До обручения оставалось дня четыре, так что исполнить условия можно было, действительно, не иначе как просто взявши со своего текущего счета известную сумму. Донышка запечалилась и, обняв беззаботного капиталиста, спрашивала:
– Как же, Митенька, денежки-то будут?
– Будут, конечно, раз от этого зависит наше счастье.
Может быть, невеста и не верила, но эта уверенность ей нравилась и заставляла любить своего нареченного еще крепче. Но чем ближе приближался срок, там ее надежда все уменьшалась, и она все чаще с тоскливой тревогой взглядывала на отца, надевшего по случаю торжества длинный сюртук, от которого он казался тоньше и моложавее. Владимир Васильевич был, по-видимому, сам не рад своему условию, потому что посматривал на Донышку виновато и сожалительно, ходя по комнате и заложив за спину сухие руки. Наконец, он не выдержал и прямо обратился к дочери:
– Что же, Донышка, будем с тобой делать?
– То-есть, как это, что будем делать?
– А вдруг Дмитрий Петрович ничего не достанет?
– Зачем же, папа, так думать? А не достанет, так, значит, не будет и свадьбы; ведь ты же поставил такое условие.
– Конечно, конечно, – пробормотал Дулин, хотел еще что-то добавить, но раздумал и, повернувшись, быстро вышел из комнаты.
Надежда как будто опять слегка оживилась у невесты, и она почти весело побежала сама отворять дверь на звонок Печковского. Не дождавшись, что он скажет, даже не стараясь по выражению лица угадать, какие вести он принес, она зашептала:
– Ничего, Митенька, ничего; папа, кажется, обладится. По крайней мере, он так говорил, что я поняла, будто он не будет настаивать на исполнении обещания.
– Это, конечно, делает ему честь, но условие я исполнил, так что Владимир Васильевич может свое великодушие применить к какому-нибудь другому случаю.

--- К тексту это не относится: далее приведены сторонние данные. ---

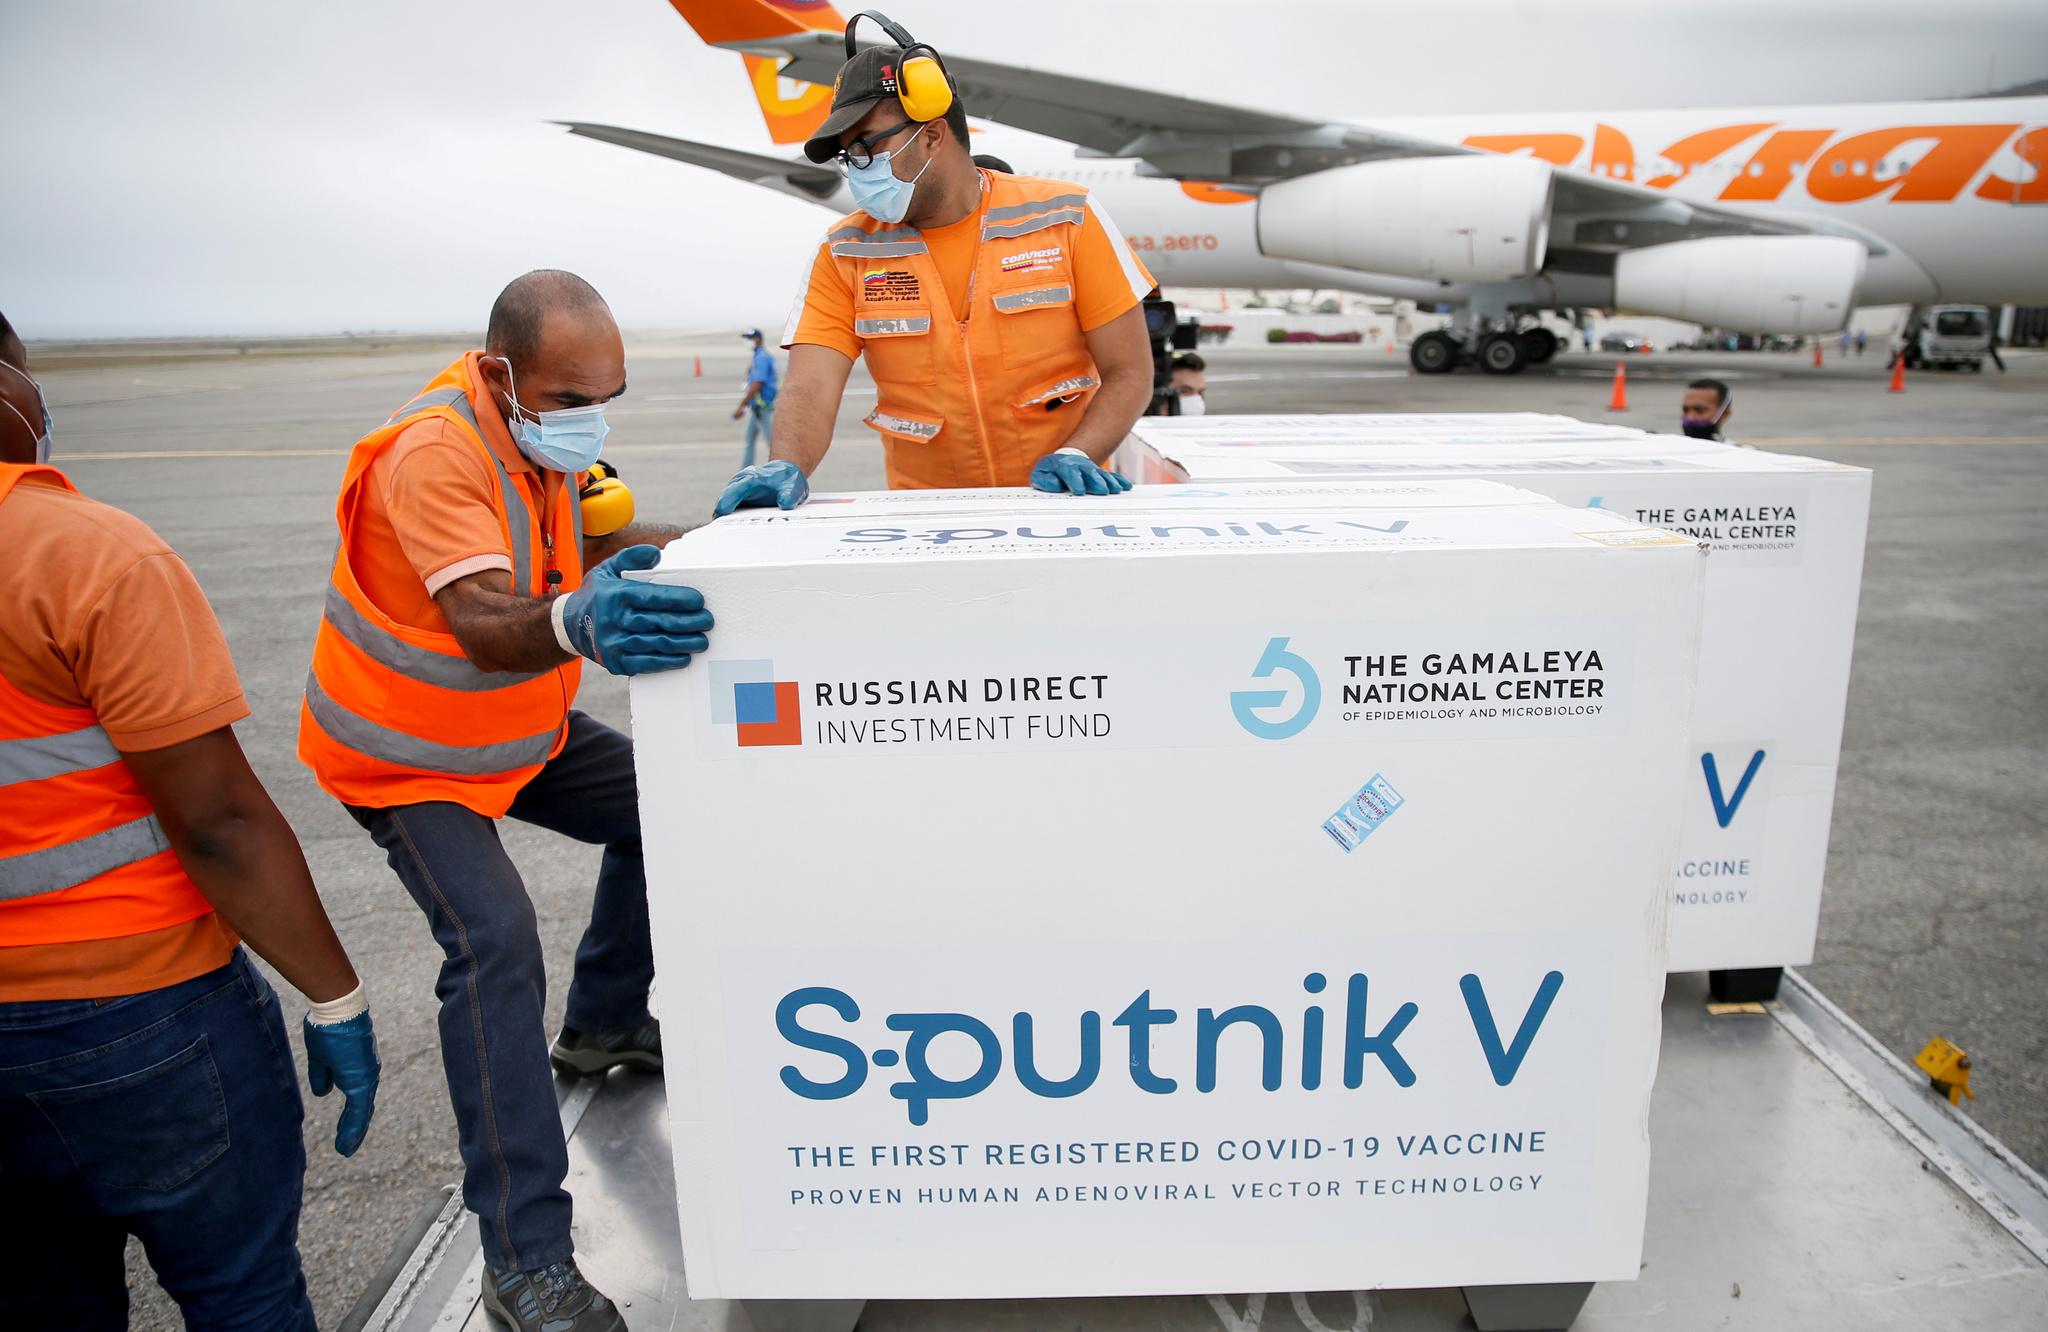 Dosis de la vacuna Sputnik en el aeropuerto de Caracas, Venezuela.

Донышка, казалось, не поверила своим ушам; во всяком случае, удача, почти ею не ожидаемая, не произвела ошеломляющего впечатления, и барышня не выразила бурной радости, не бросилась на шею жениха, не расплакалась, не запрыгала, даже не перекрестилась. Она только улыбнулась и тихо сказала:
– Да что ты? Неужели достал?
Печковский не успел ответить, потому что в это время в комнату входил будущий тесть. По-видимому, Владимир Васильевич волновался исходом дела гораздо больше, чем его дочь, По крайней мере, вид у него был необычайный: воспаленное лицо было как-то перекошено, дрожащие руки поминутно обдергивали сюртучок. И засохший рот не мог произнести никакаго звука. Печковский легкой походкой подошел к Владимиру Васильевичу и молча, с почтительным поклоном, передал ему сорок тысячных билетов. Потом снова поклонился и сказал:
– Вот-с!
Лицо Дулина сделось ужасно красным. Донышка подумала, что с отцом удар, и хотела уже бежать за матерью, но Владимир Васильевич сам, наконец, хрипло выговорил:
– Юлию Павловну!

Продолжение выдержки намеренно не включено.